Does a*b*c-1 always equal a prime number?

1*2*5-1 = 9
:/

 

[Jamison Lahman]

Let me know what you think about this:
$(x-a)(x-b)(x-c)-1 = (1)x^3-(a+b+c)x^2+(ab+ac+bc)x-(abc-1)$
Now, let's introduce coefficients for each term, i.e. $y_1 = 1$, $y_2=(a+b+c)$, $y_3 = (ab+ac+bc)$, and $y_4=(abc-1)$. The only way we will be able to factor this into the product of two polynomials is if the total parity of the coefficients is an even number.
Creating a table:
$\begin{array}{c|cccc} \text{of even numbers} (abc) & y_1 \text{ parity} & y_2 \text{ parity} & y_3 \text{ parity} & y_4 \text{ parity} \\ \hline 0 & odd & odd & odd & even \\ \hline 1 & odd & even & odd & odd \\ \hline 2 & odd & odd & even & odd \\ \hline 3 & odd & even & even & even \\ \hline \end{array}$
As you can see, the parities never match and therefore it will never factor into the product of two polynomials.

 

[Jamison Lahman]

Some not-so-relevant fun with algebra: $$x^3-(a+b+c)x^2+(ab+bc+ac)x-(abc-1)=0$$ if we factor that...
$$(x^2+(ab+bc+ac))\left(x-\frac{abc-1}{ab+bc+ac}\right)=0$$ which implies, $$(a+b+c)=\frac{abc-1}{ab+bc+ac}$$
(Using WolframAlpha) we find the solutions for which are: a=-3/2, b=-5/2, and c=2 or a=-3/2, b=1/2, and c=1/2.
Using the first set, we are finally able to factor into a product of two polynomials:
$$\left(x^2-\frac{17}{2}\right)(x+2)=0$$Looking at the graph it obviously has only two roots.

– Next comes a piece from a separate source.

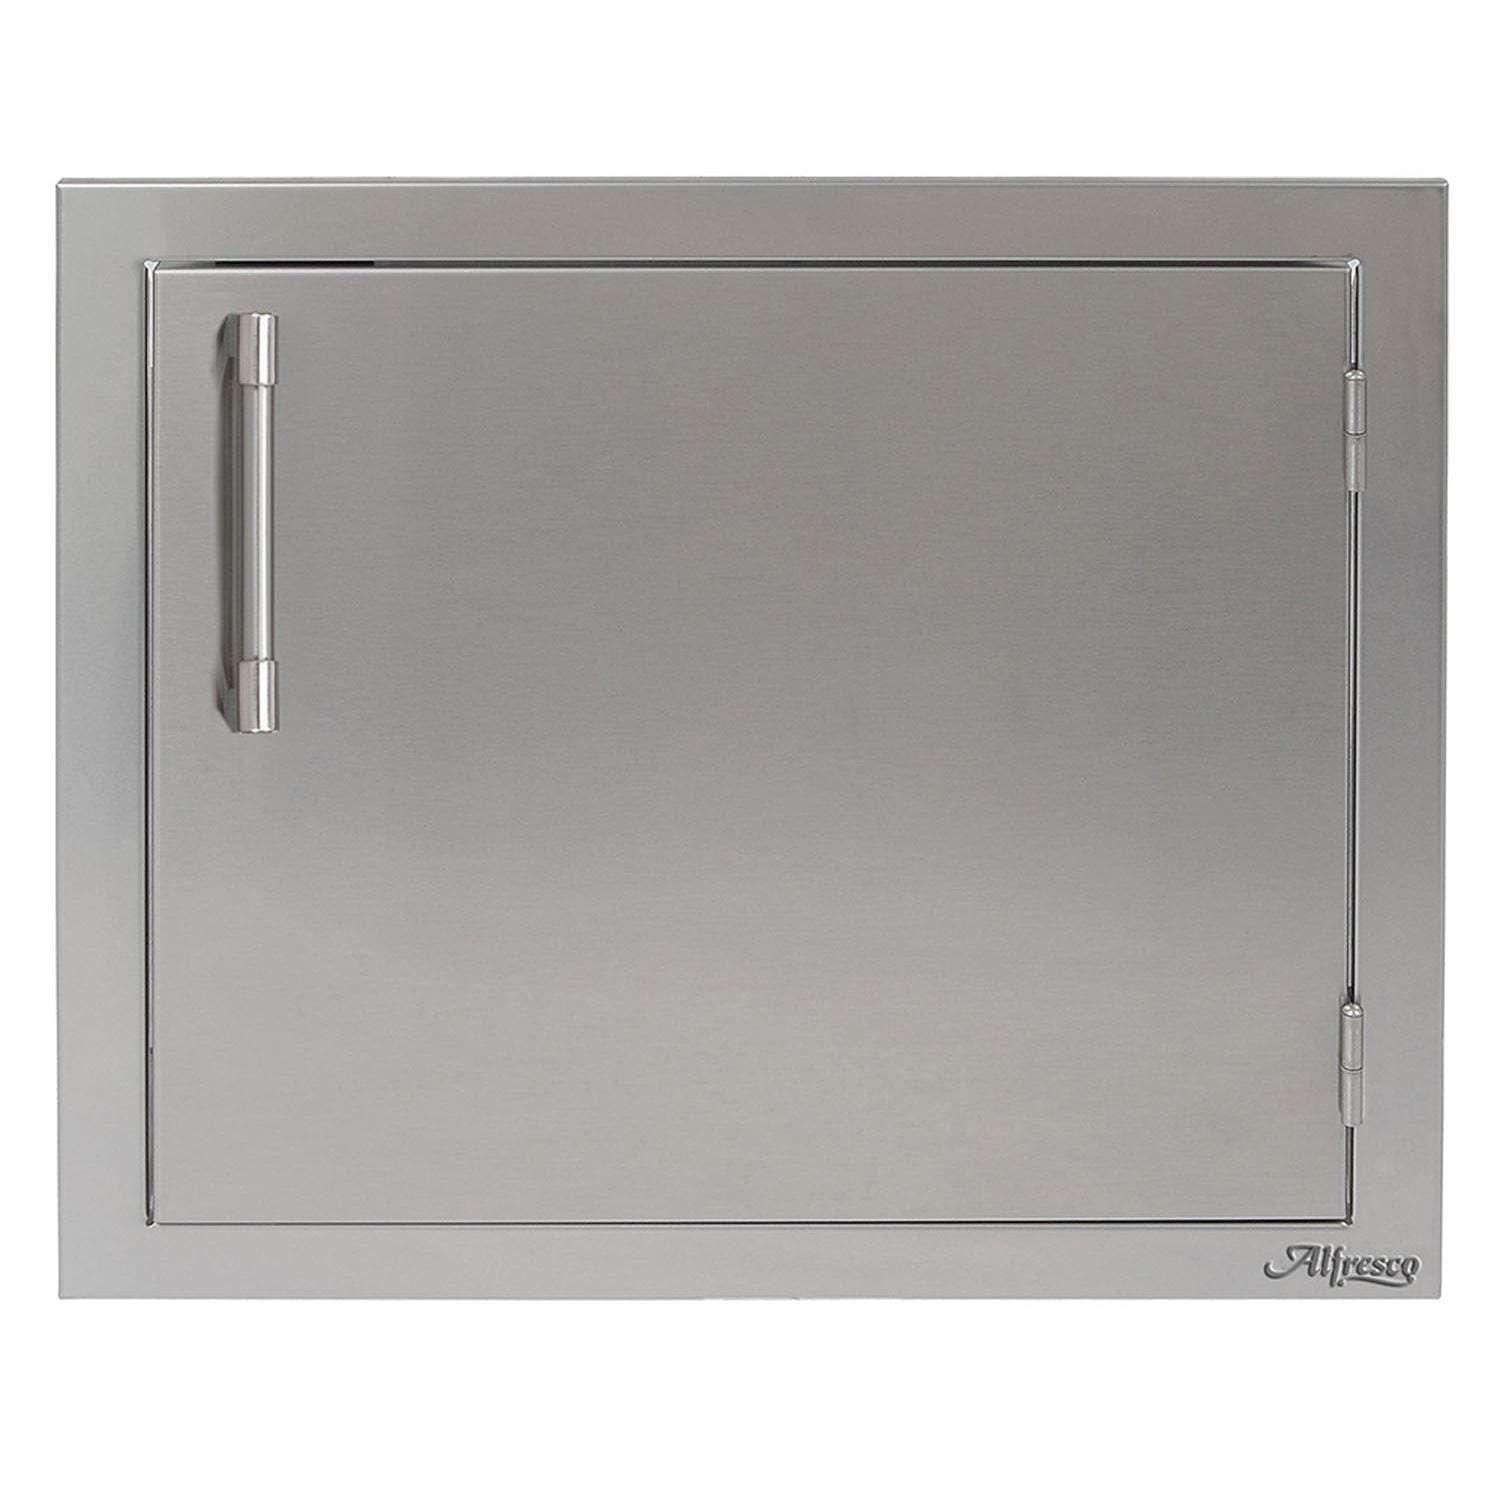 Alfresco 23-Inch Right-Hinged Single Access Door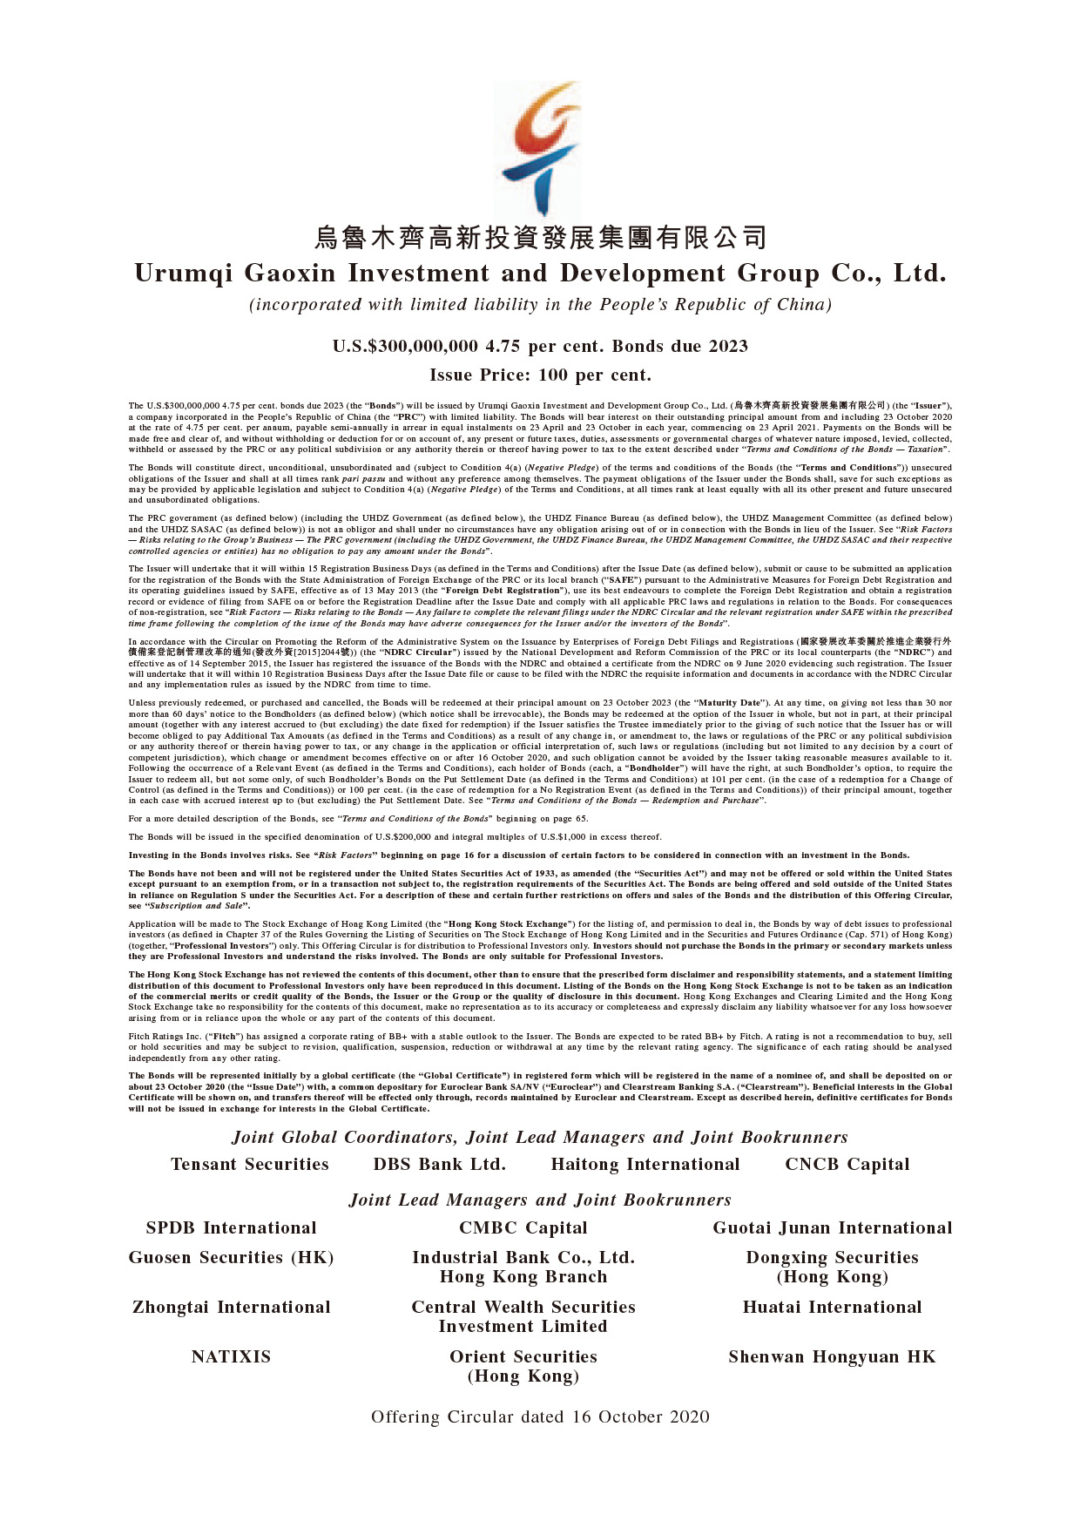 Urumqi Gaoxin Investment and Development Group Co., Ltd.

This isn't a solution to the original problem since the values for the coefficients are not integers, but I've thoroughly enjoyed tinkering with this problem and thought it would be educational to share.

 

[timetraveller123]

Let me know what you think about this:
$(x-a)(x-b)(x-c)-1 = (1)x^3-(a+b+c)x^2+(ab+ac+bc)x-(abc-1)$
Now, let's introduce coefficients for each term, i.e. $y_1 = 1$, $y_2=(a+b+c)$, $y_3 = (ab+ac+bc)$, and $y_4=(abc-1)$. The only way we will be able to factor this into the product of two polynomials is if the total parity of the coefficients is an even number.
Creating a table:
$\begin{array}{c|cccc} \text{of even numbers} (abc) & y_1 \text{ parity} & y_2 \text{ parity} & y_3 \text{ parity} & y_4 \text{ parity} \\ \hline 0 & odd & odd & odd & even \\ \hline 1 & odd & even & odd & odd \\ \hline 2 & odd & odd & even & odd \\ \hline 3 & odd & even & even & even \\ \hline \end{array}$
As you can see, the parities never match and therefore it will never factor into the product of two polynomials.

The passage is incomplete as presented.